Forecasting a prospective market can be quite tough. Especially if you are a small business that lacks the resources to acquire and use costly third-party database results and analytical software. In some niche markets, data can be even harder to uncover even with these resources at your disposal.  For instance, I focus on the drum industry and even though there are a “crap ton of drummer’s out there” –words from an SEO consultant I worked with. It is tough to get empirical evidence on their behaviors. Luckily, I had developed my own forecasting model in grad school and was able to use that when working on my business plan for Spirit and Groove™.

My model follows a four-step process that creates a funnel from a 100% total market through a potential audience to the final stage of prospective buyers. The last step is a calculation I call the “gut metric” that allows me to adjust the data based on a “gut” feeling. Some would argue the use of this step, but I disagree for two reasons.

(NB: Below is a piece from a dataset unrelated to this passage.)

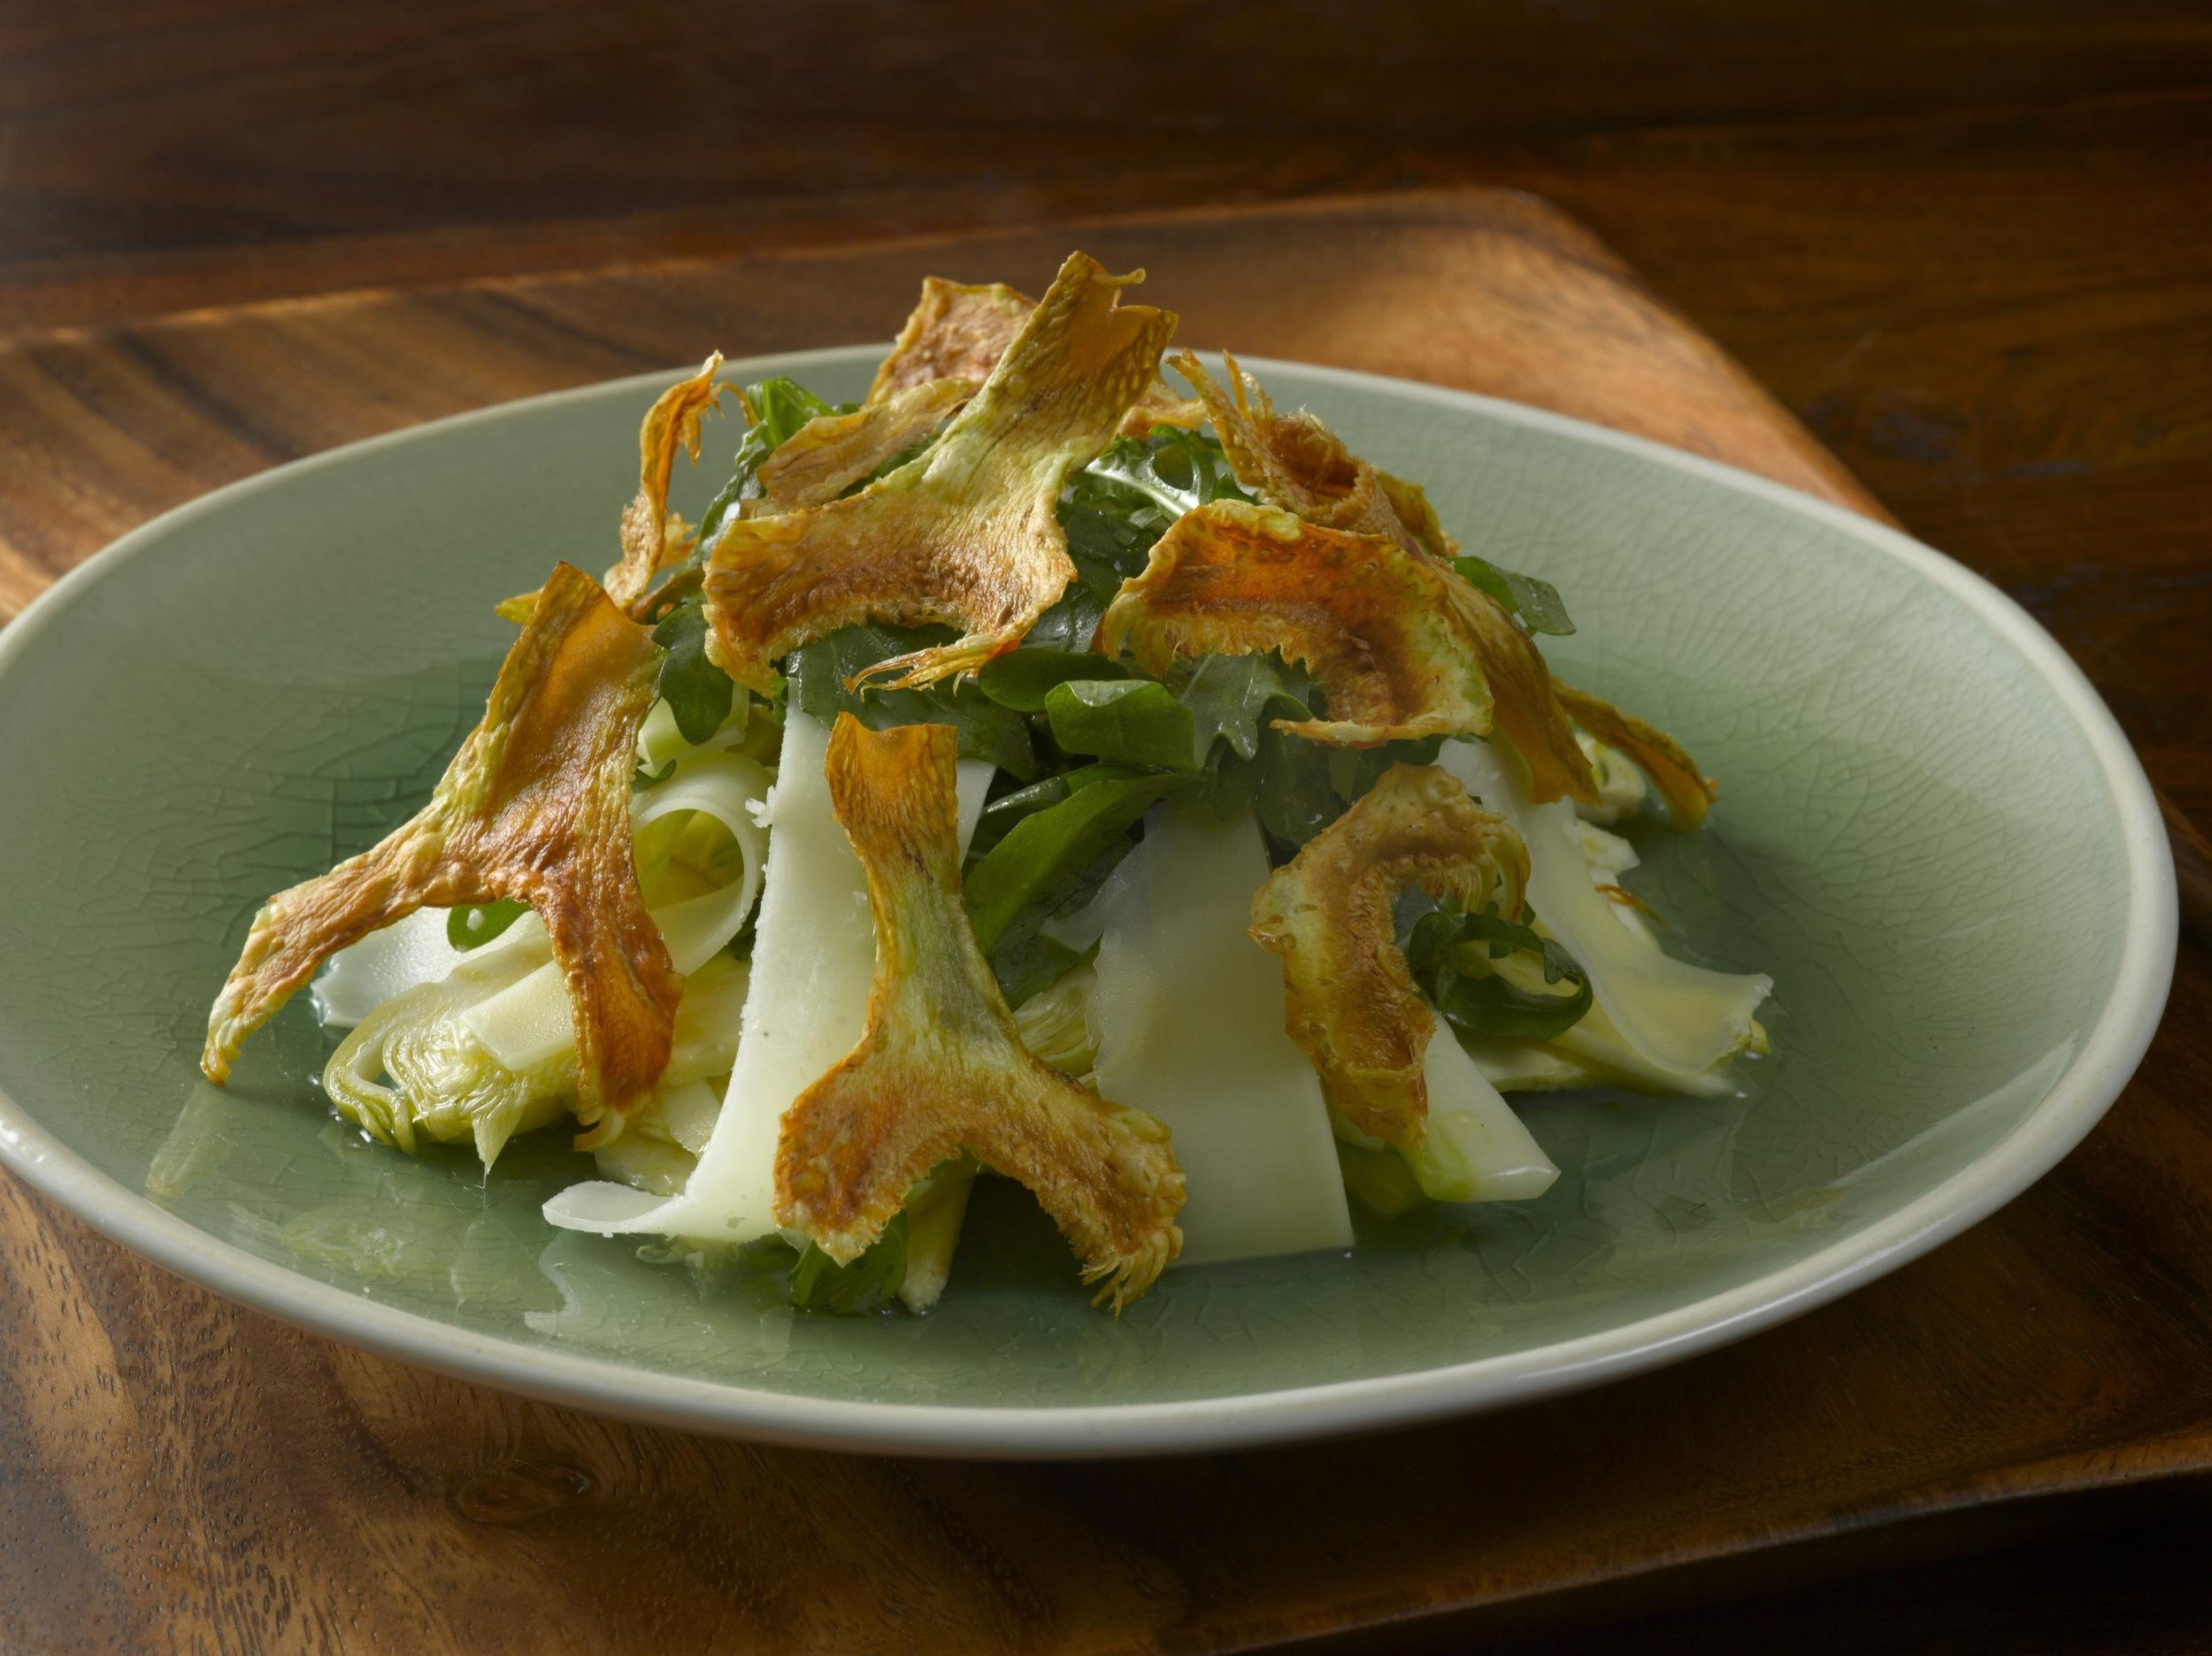 Artichoke Salad with Pecorino

Number one, data is both qualitative and quantitative. Analytical software rarely includes the qualitative metrics. Algorithms are great, but there is a reason even Google and Facebook continue to seek out ways to model the “human” perspective. Number two, having run my own company, worked for firms of all sizes, and studied the business plans of countless publicly traded brands during my MBA studies, I have a refined understanding of what is actually possible when you have that empirical evidence in your hands and I am able to sift out marketing “pipe-dreams” from that data.

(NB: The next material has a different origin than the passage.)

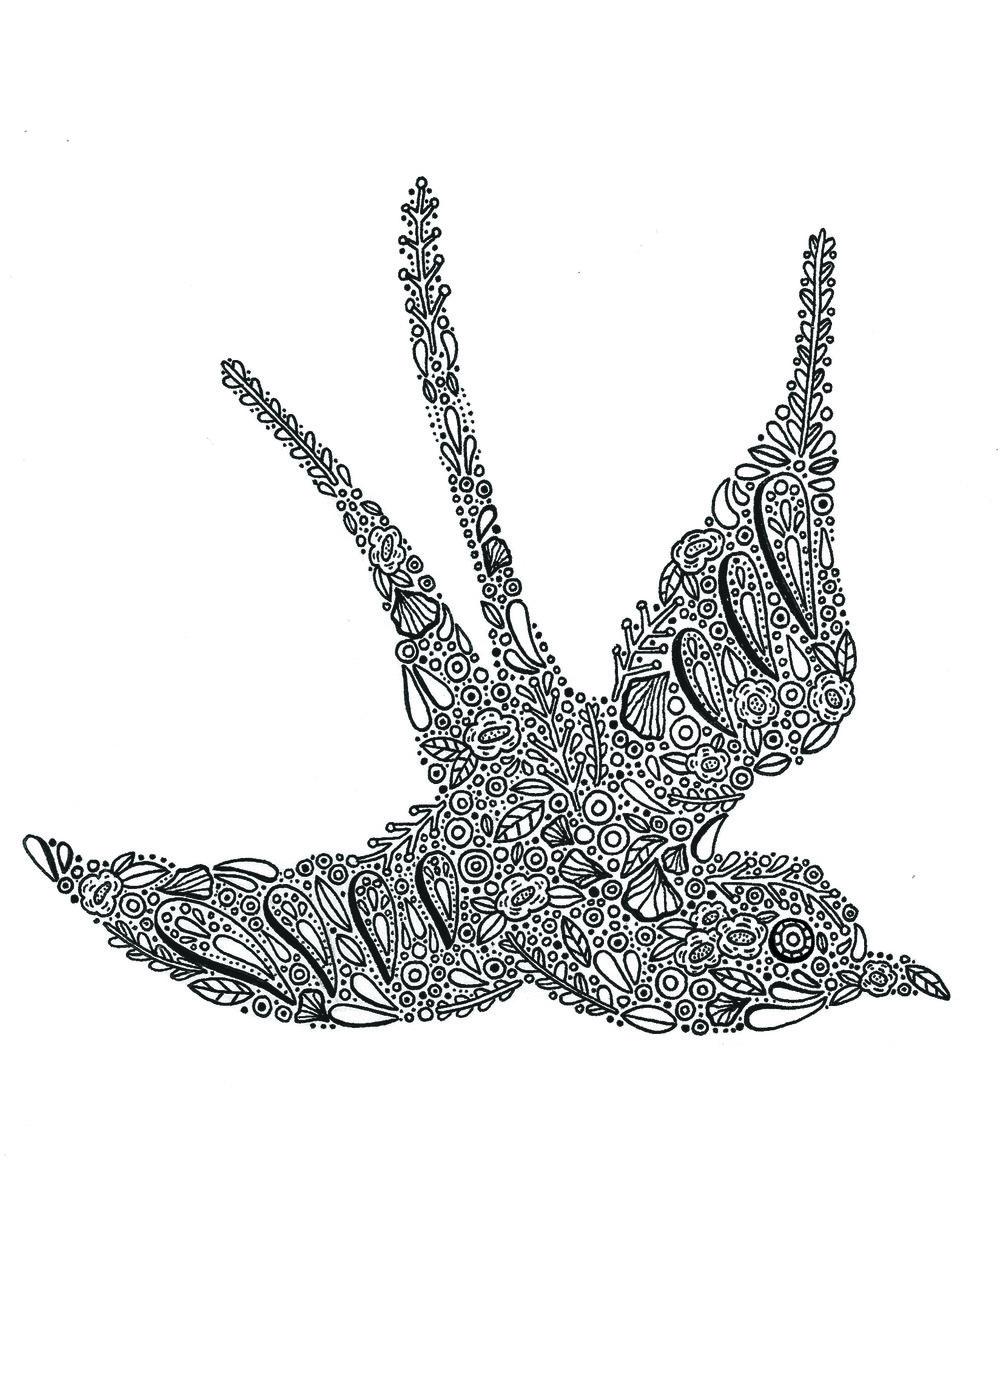 Treebird, bird

Perhaps the most important, my model aligns with the concept of “underpromise…overdeliver” – a theory I learned with one of the world’s top brands.

While working as a retail specialist and store mentor with Apple, I witnessed firsthand just how powerful this corporate mantra can be. Apple doesn’t simply include it in their employee manual and call it good. No, they drill it into the corporate-wide psyche. As a retail specialist, it is a concept you learn in your initial training before you are introduced to any of their coveted i-products. At Apple, you are taught to always tell the customer their iPhone would be fixed in 30 minutes, even if you are sure it will only take 10. This way, you are able to increase the consumer’s buy-in when you do deliver ahead of schedule, and that is just the tip of their underpromise…overdeliver iceberg.

If you follow the tech giant in the news, especially when earning’s statements come out. You will notice that (somehow) Job’s brainchild regularly outperforms their own corporate estimates. There is no doubt in my mind that part of this phenom lies in a brand-wide “underpromise/overdeliver” mentality.

Business owners and managers often “over-assume” their results will beat expectations. Managers see the glass as half full because their bonuses and growth-potential are directly related to those results. Owners usually adopt the same ideal, but for different reasons. They are emotionally attached to the brand, see things others may not have in their field of vision, and have much more on the line, which forces them to hope for better-than-expected results.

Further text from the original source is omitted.